Developers basically know that our data exists in the database (most of MySQL and Oracle, because the author is better at MySQL, so the default database is MySQL), the server through the SQL statement to the query data request to the MySQL database. After the database gets the SQL statement. What has been done? Here to introduce my personal understanding, you are welcome to comment on the district criticism.Process Overview
After MySQL gets the SQL statement, the approximate flow is as follows:
1.SQL Parser: Responsible for parsing and forwarding SQL
2. Preprocessor: Validating the parsed SQL tree
3. Query optimizer: Get an execution plan
4. Query execution engine: Get data result set
5. Put the data back to the caller.
The flowchart is as follows:Dispatcher and Cache phase
First, if the caching function of the system is turned on, SQL will determine whether it is the SELECT keyword after the SQL statement enters MySQL. If it is, then the query cache to query, if in the query cache can hit the SQL statement, then directly return the query cache query statement corresponding value value (in the cache, the query statement is a hash operation, the result as a key value, the result set of the query is value).

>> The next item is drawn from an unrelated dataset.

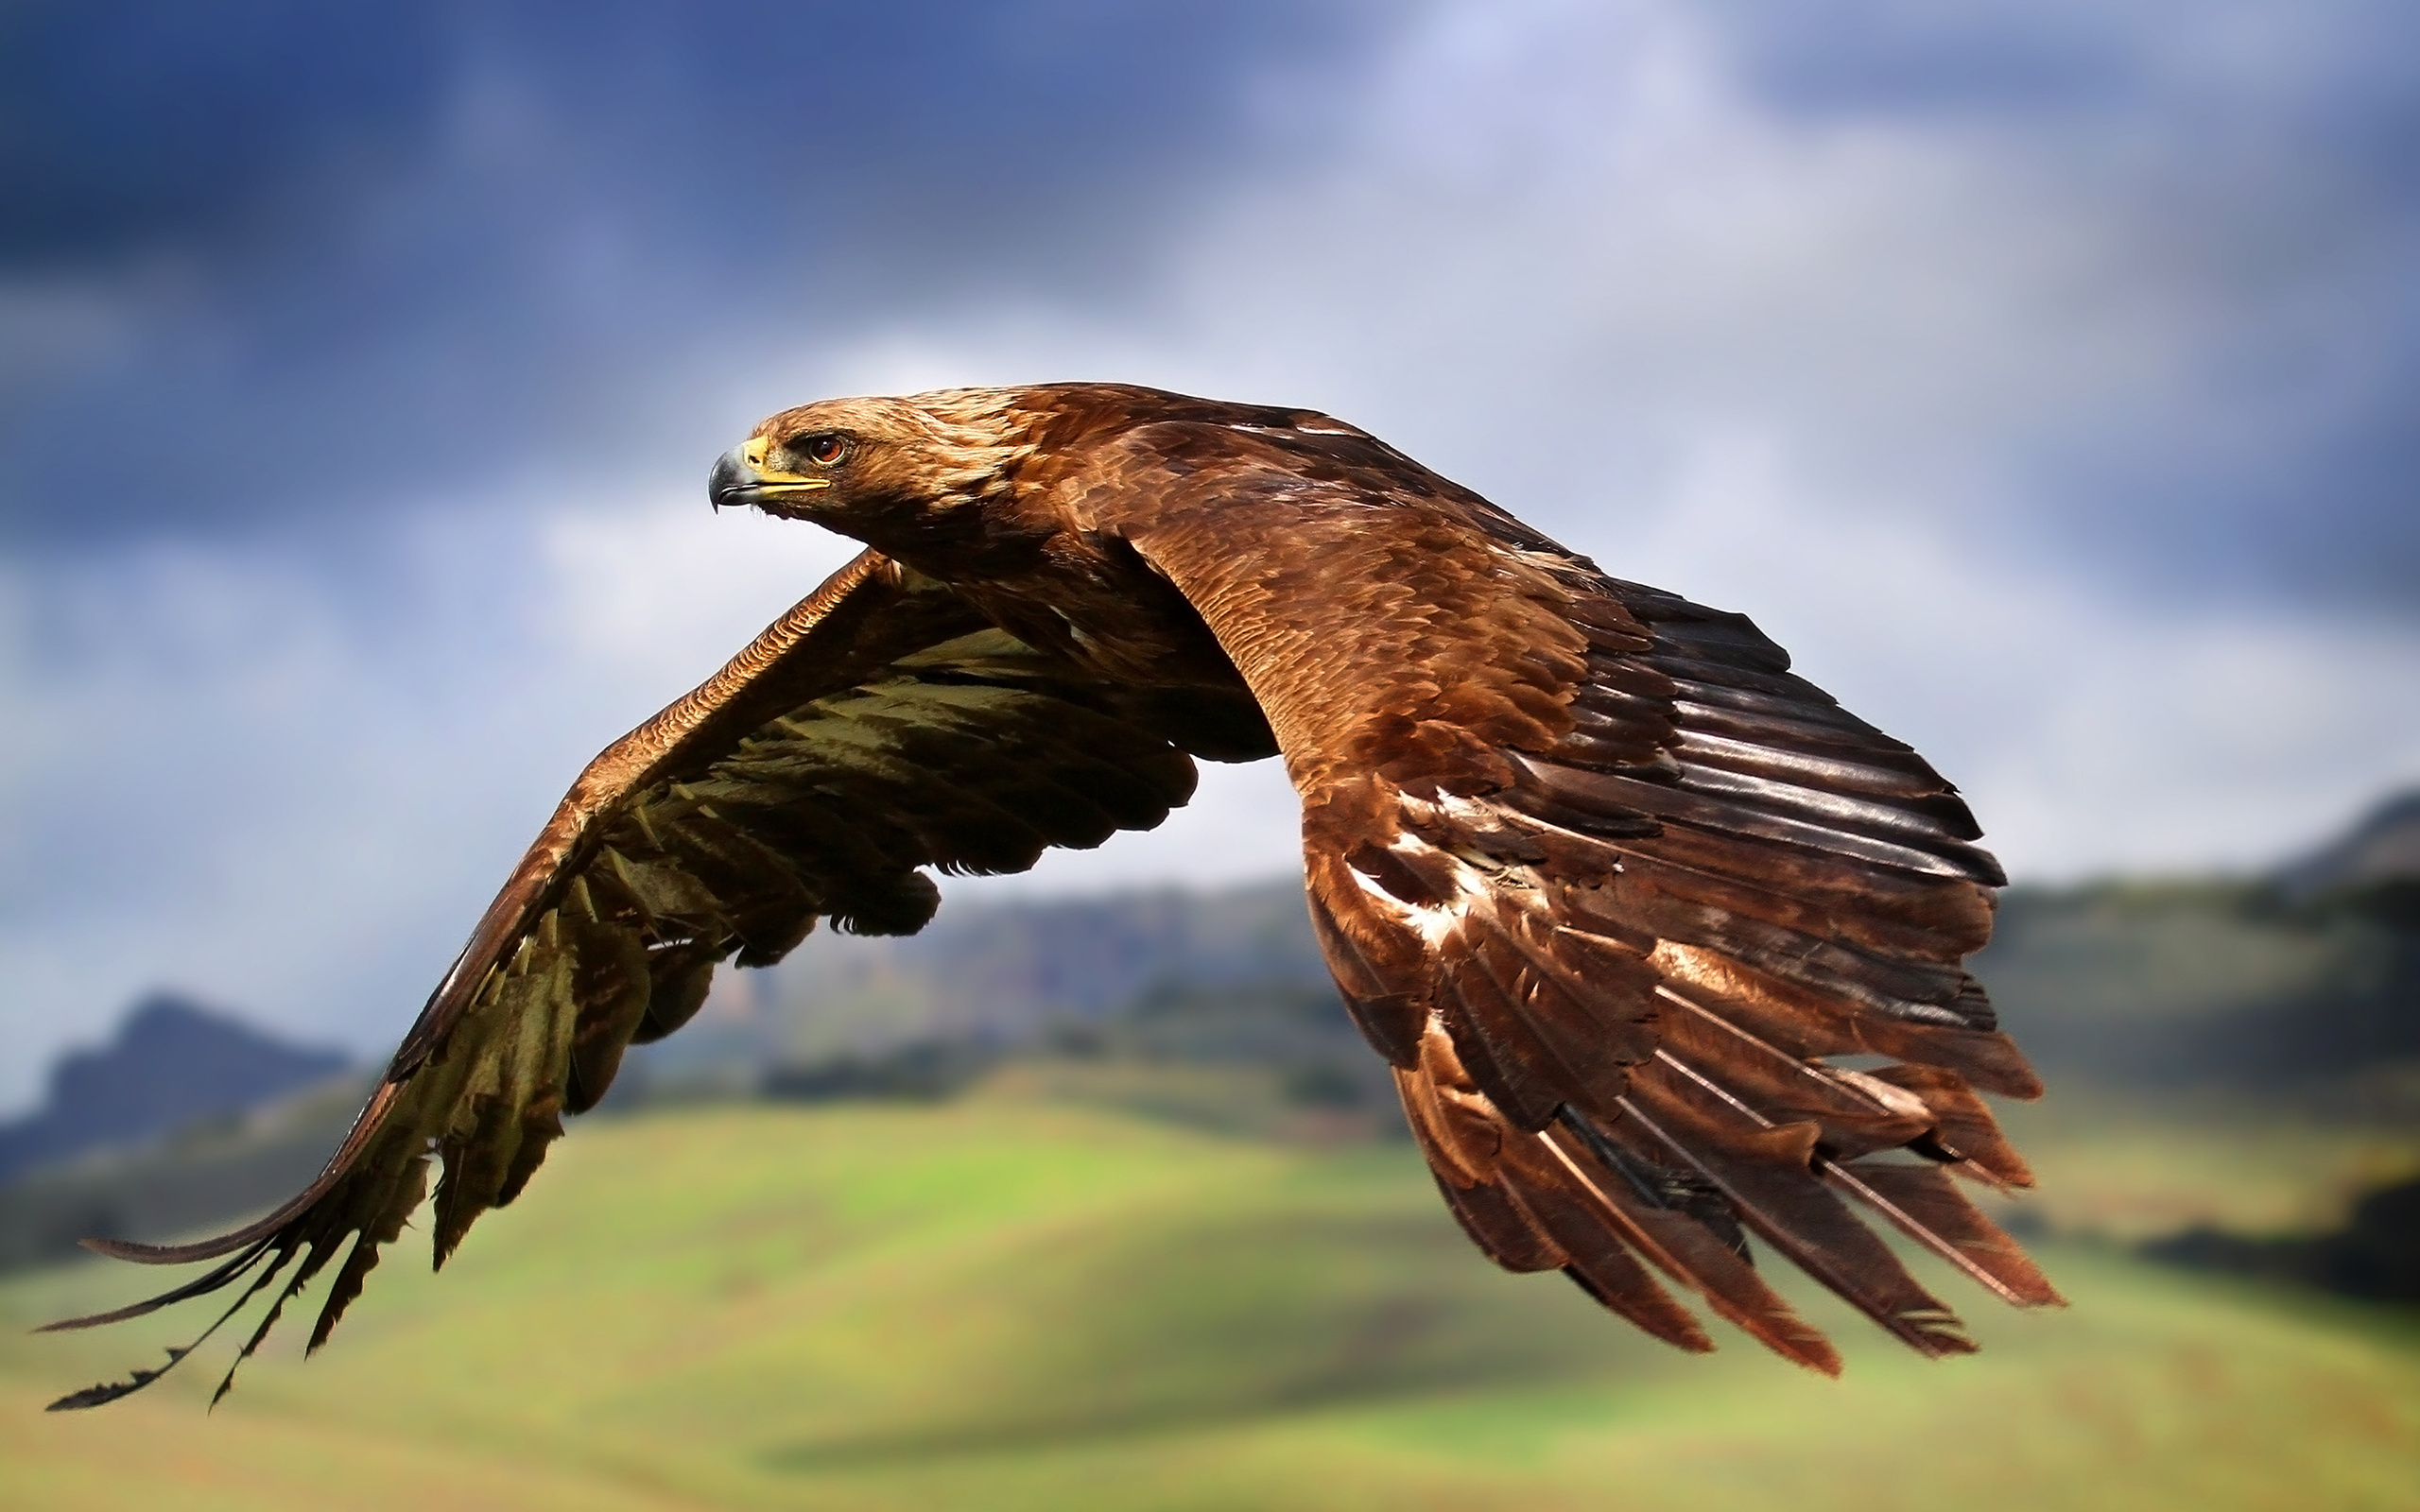 bird wallpaper brown eagle

If the cache is hit, the query speed is fairly fast. But the query cache also has its corresponding drawbacks.
First, the server consumes a lot of memory when the cache is turned on, and secondly, the cache does not work at all, and finally, in some cases, the cache is not written to the corresponding SQL statement.scenarios where the cache is not applicable:
The cache locks are much more aggressive and have insufficient support for dynamic SQL.
The cache is the table-level lock that is made when the data is updated, and all caches related to the updated content are deleted after the update is complete. Therefore, if the table writes more, the cache is a waste of performance. If the write is particularly numerous, the cache may cause MySQL to slow down instead.When the cache is not queried:
1. Query conditions have uncertain data: such as now, Current_time and so on.

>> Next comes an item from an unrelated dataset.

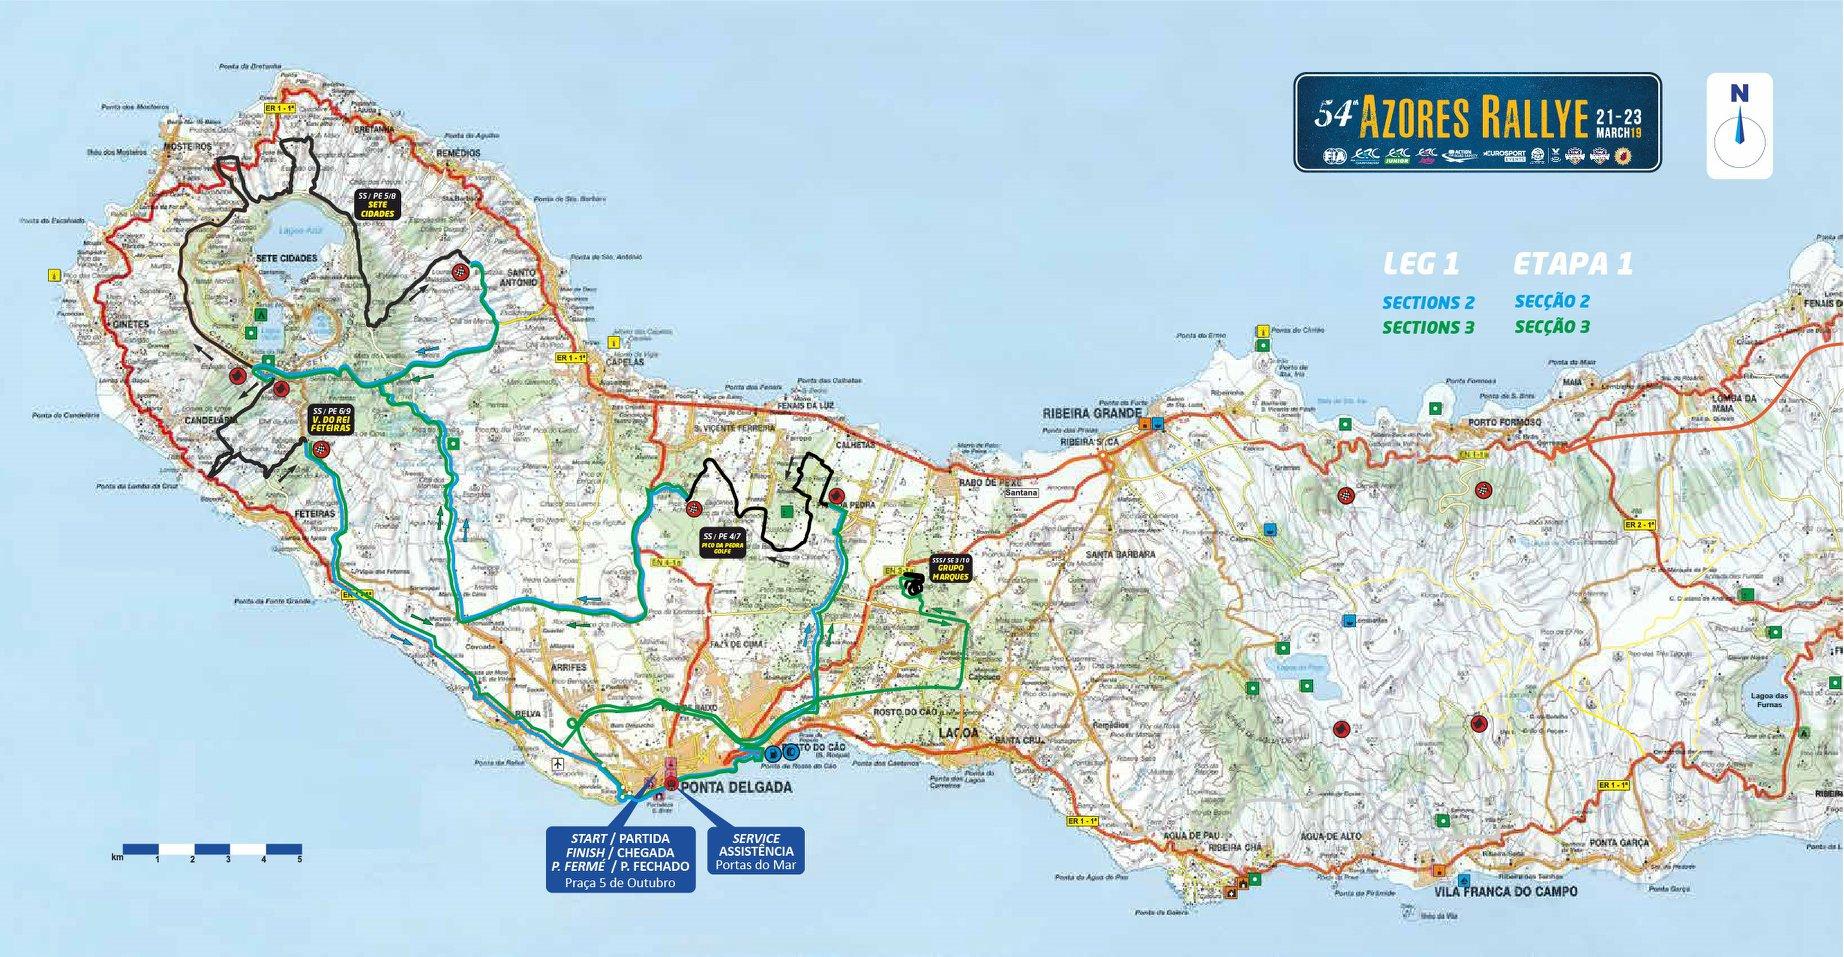 Mapa Azores Rallye 2019

2. Cache is case sensitive, such as SELECT * from Test and select* from test will not resolve to the same SQLadditional overhead for queries:
1. Before you start, check that the cache is hit.
2. When the result is output, additional data cache operations are required.
3. When writing data, MySQL sets all caches of the corresponding table to be invalidated. When the cache memory is large, it can result in a large system consumption.Parser and preprocessing for SQL
The SQL parser resolves the corresponding SQL statement to the SQL parse tree after the command is distributed. The SQL parse tree is the syntax rule and parsing query inside MySQL itself. Verify that you are using the wrong keyword, that the SQL syntax is correct, and so on. (grammar-level errors)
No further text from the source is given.